ASSIGNED TASK:
Excluding any images, copy all of the lines below precisely as written.

EXERCISE DATA:
==================================================

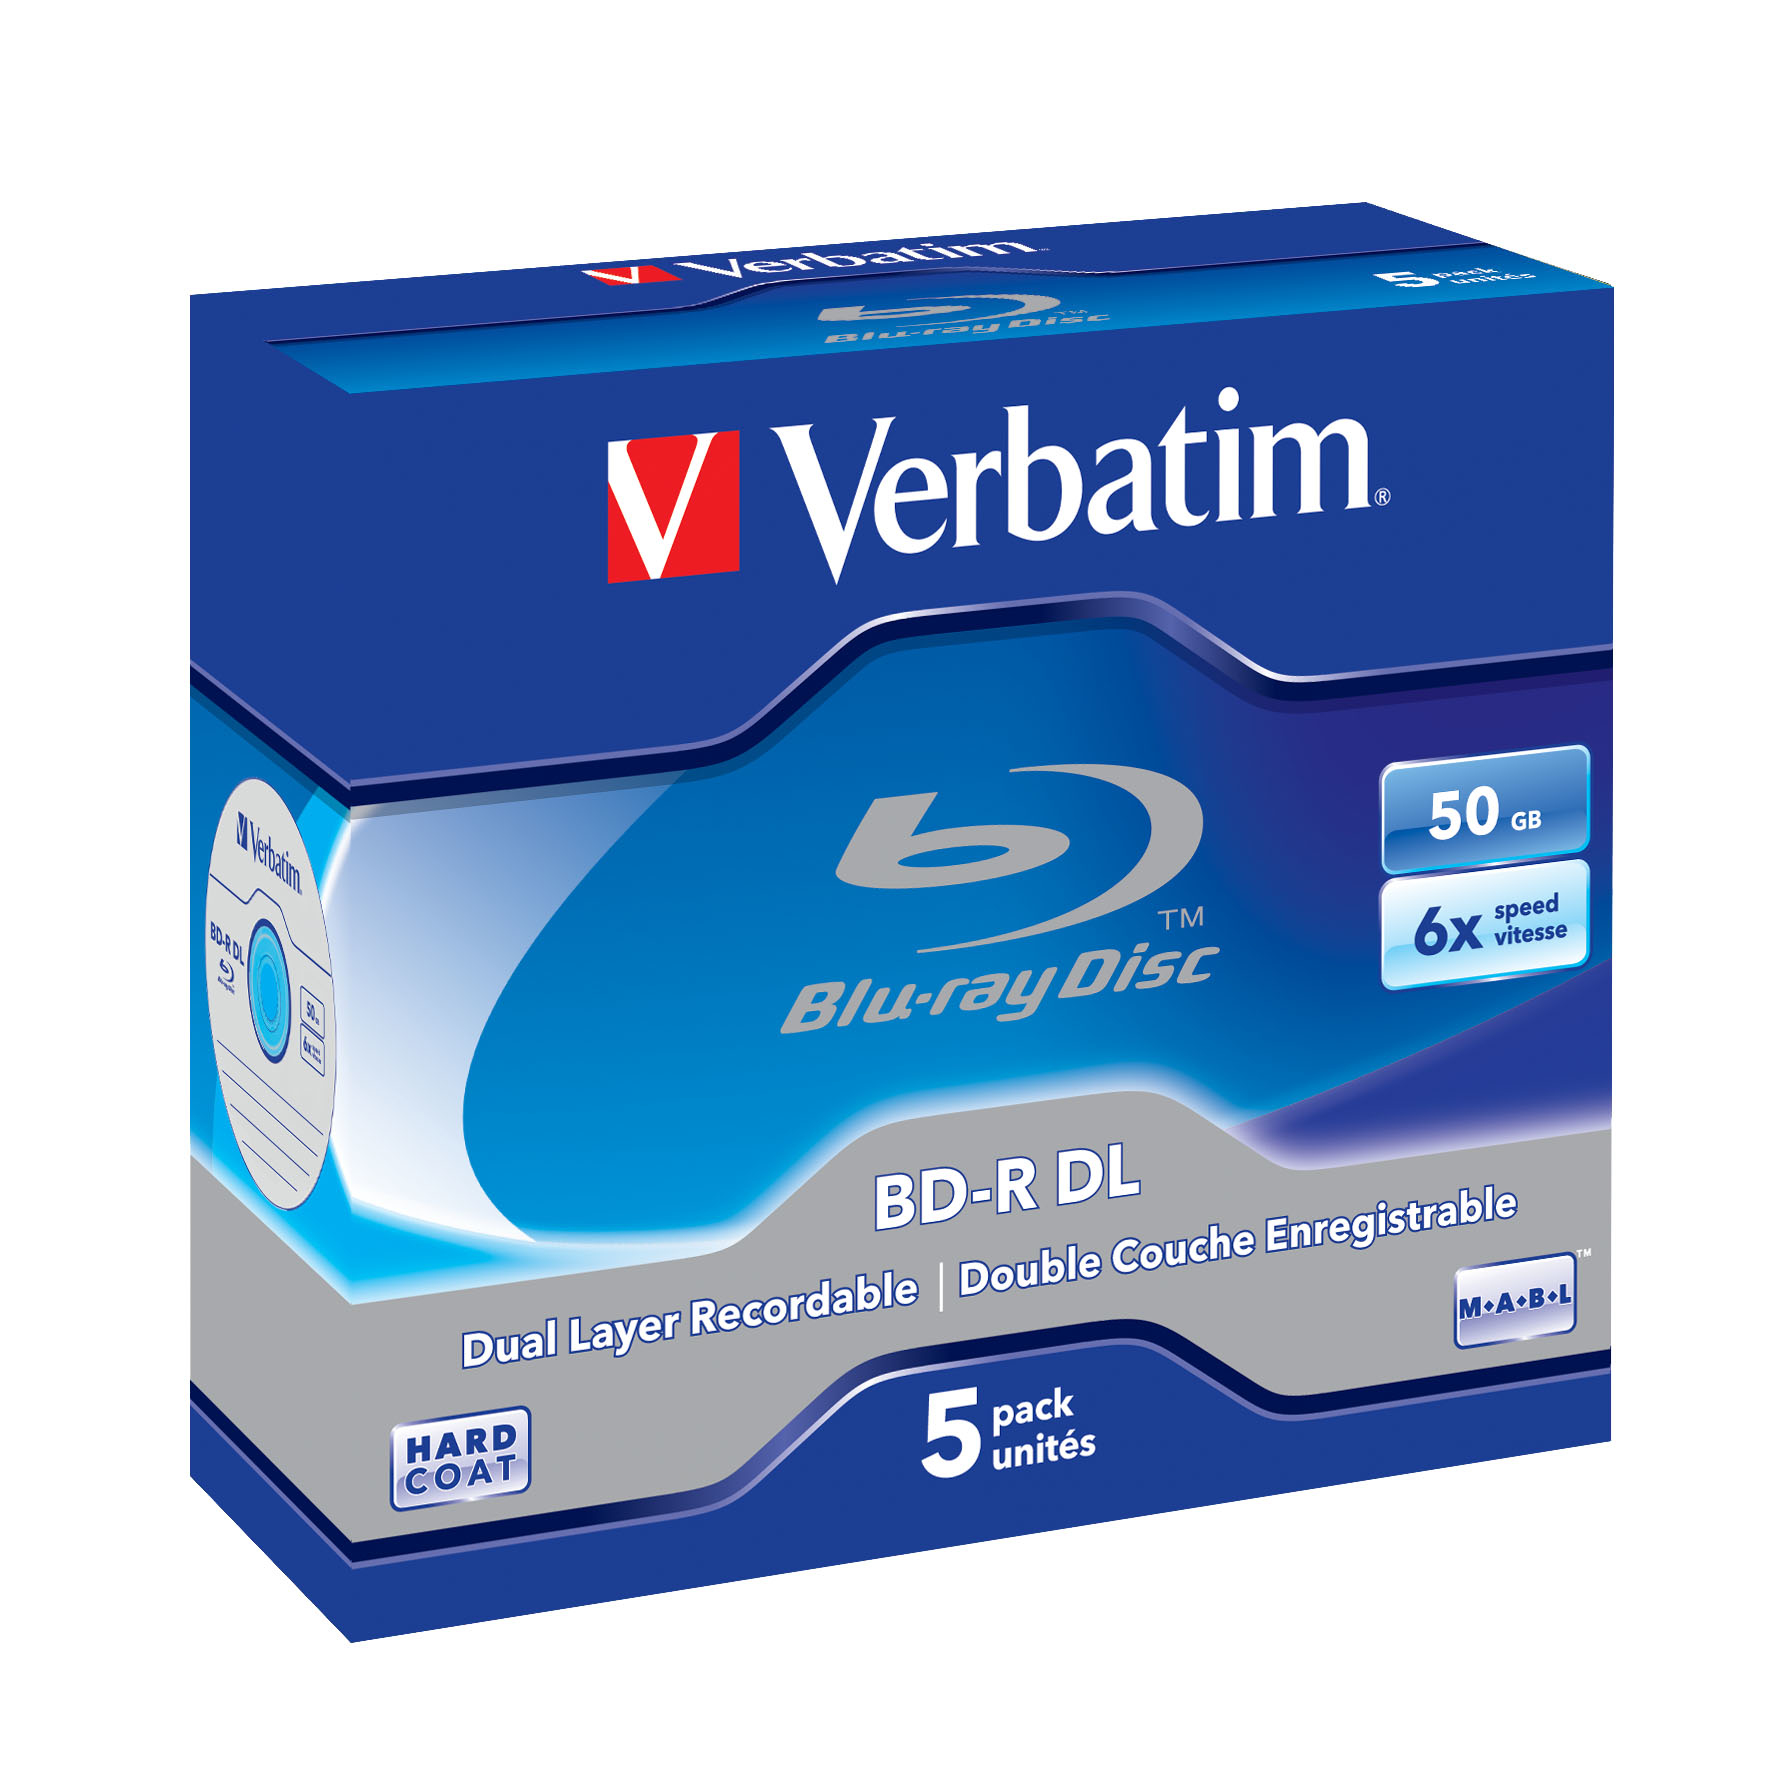 Verbatim BD-R DL 50GB 6x 5pk JC 43748 - CMS01
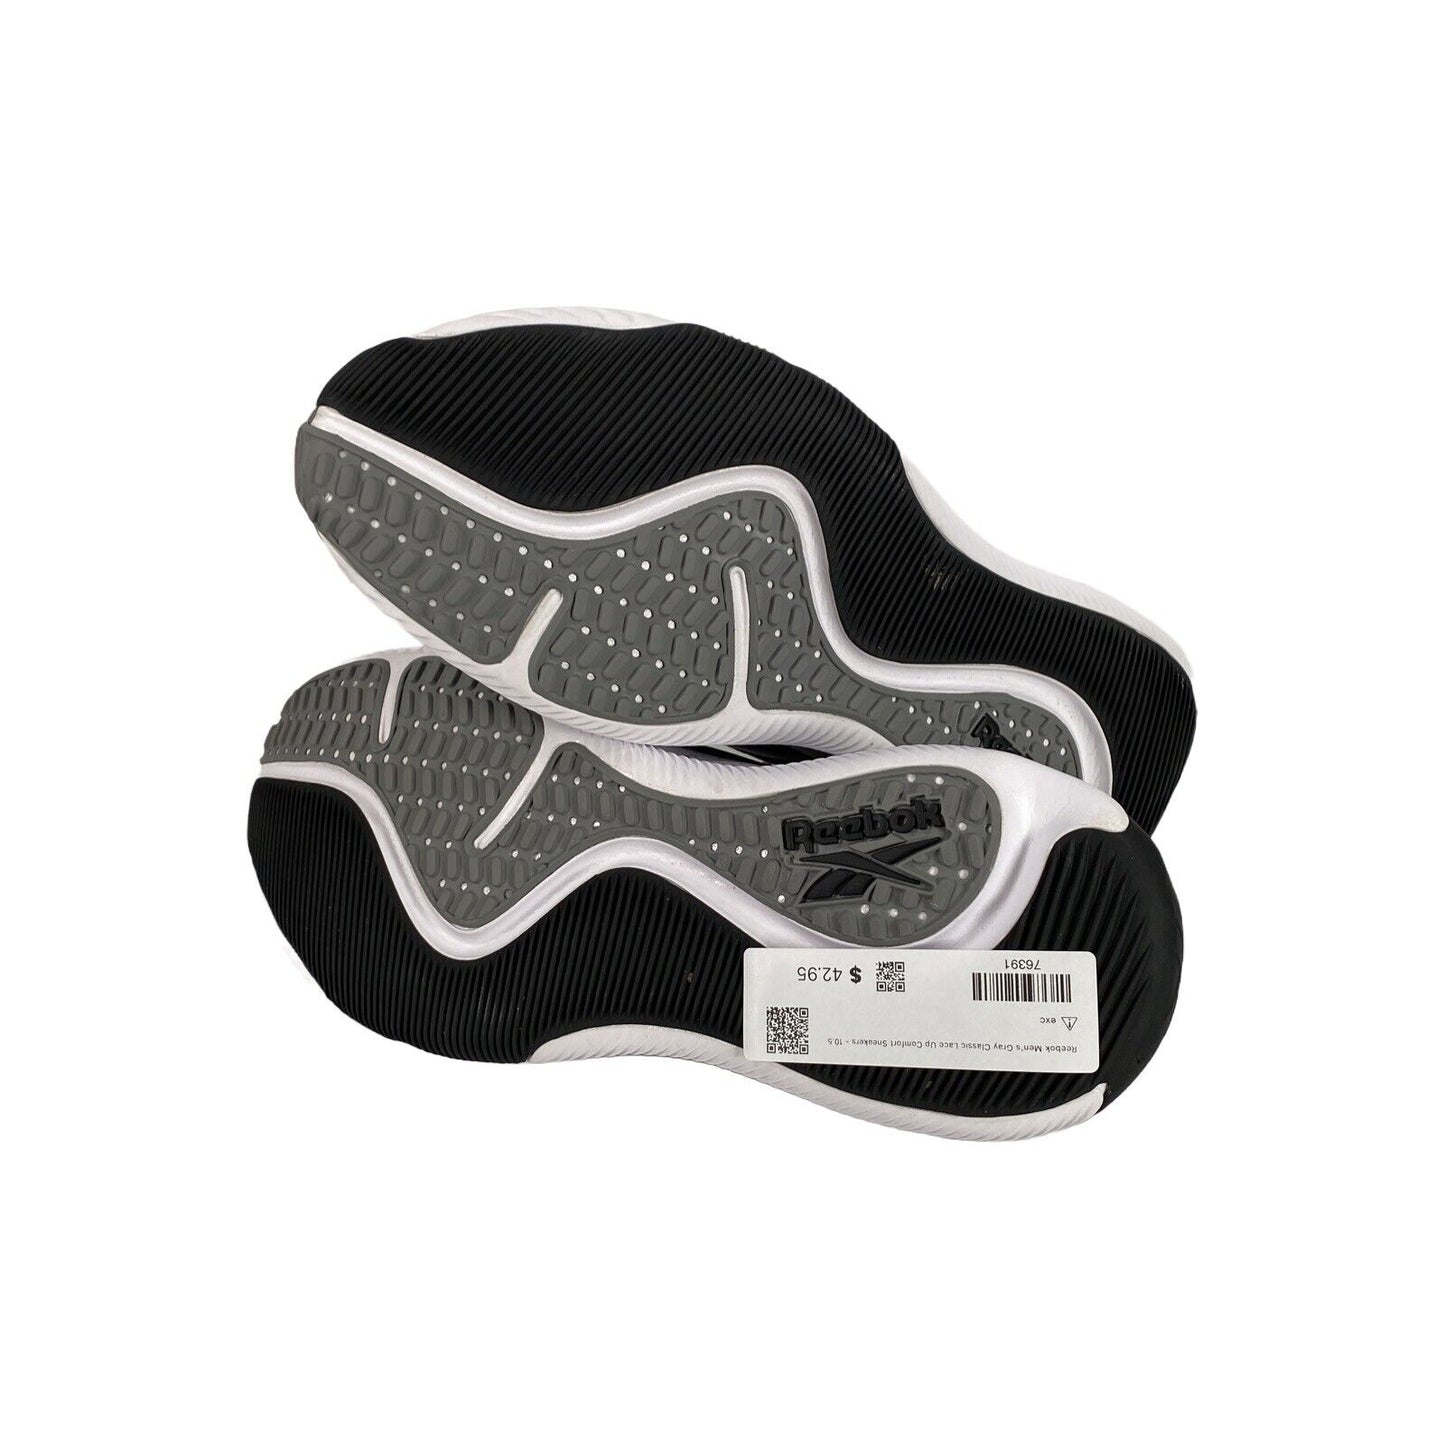 Reebok Men's Gray Classic Lace Up Comfort Sneakers - 10.5
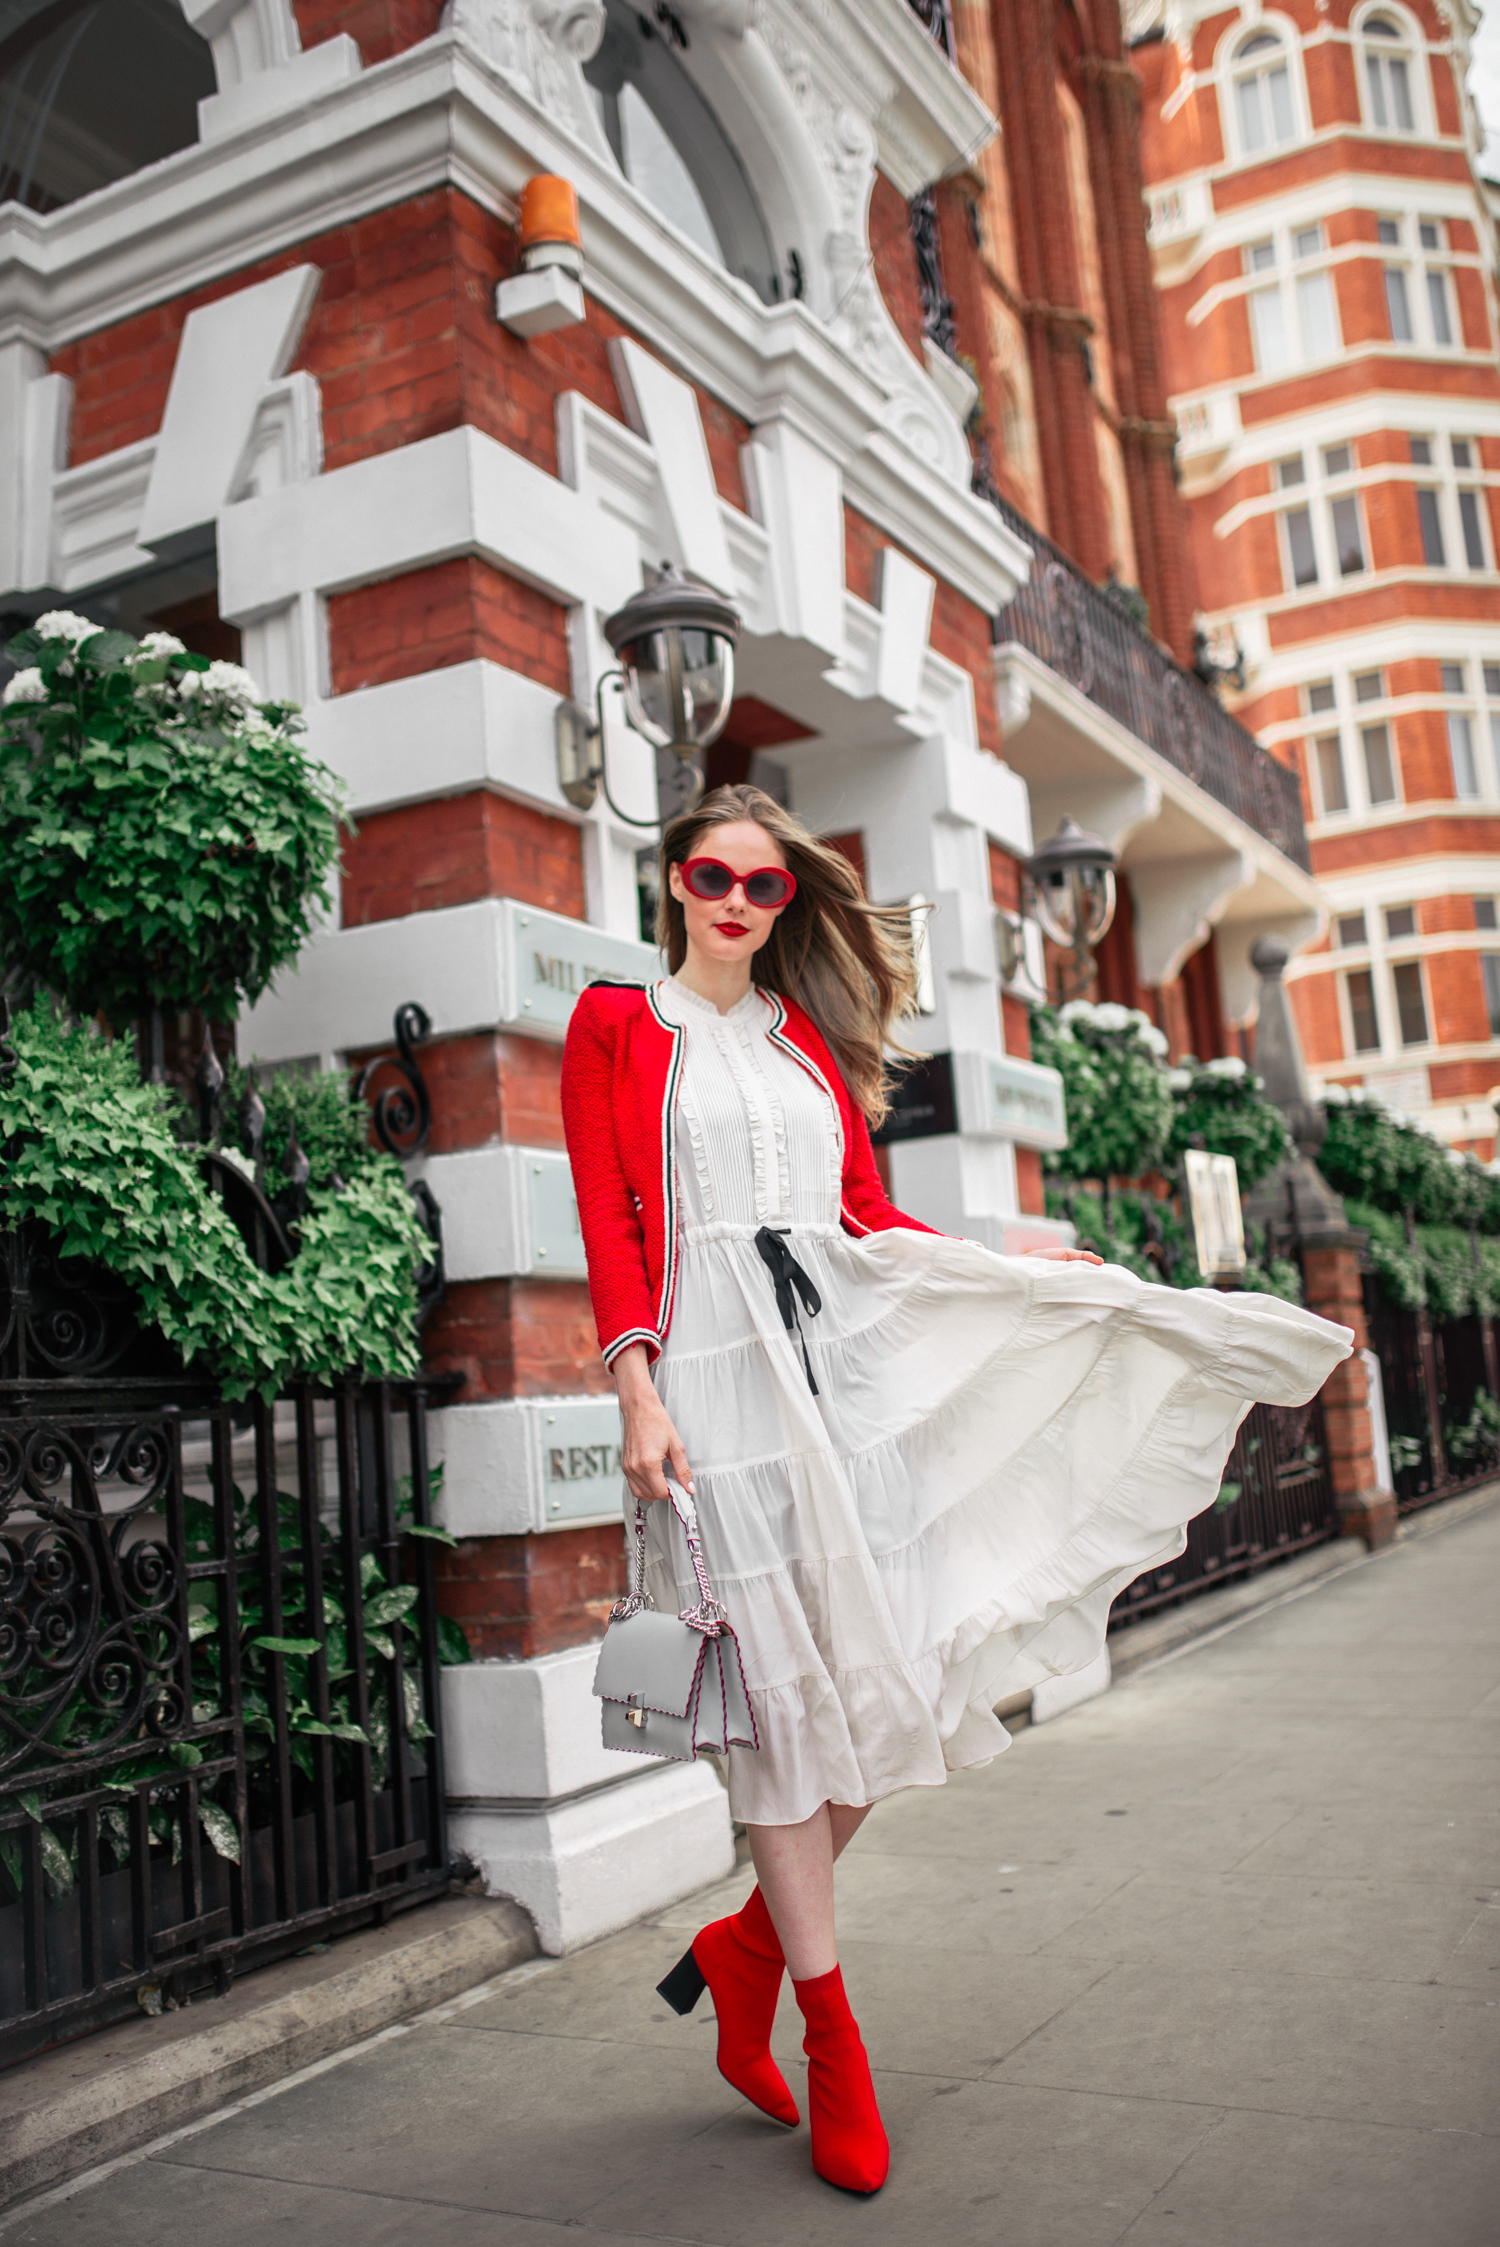 Alyssa Campanella of The A List blog experiences luxury in London at the Milestone hotel wearing The Kooples jacket, Ulla Johnson dress, and Fendi Kan I bag

==================================================

RESPONSE BELOW:
 Verbatim BD-R DL 50GB 6x 5pk JC 43748 - CMS01
 Reebok Men's Gray Classic Lace Up Comfort Sneakers - 10.5
 Alyssa Campanella of The A List blog experiences luxury in London at the Milestone hotel wearing The Kooples jacket, Ulla Johnson dress, and Fendi Kan I bag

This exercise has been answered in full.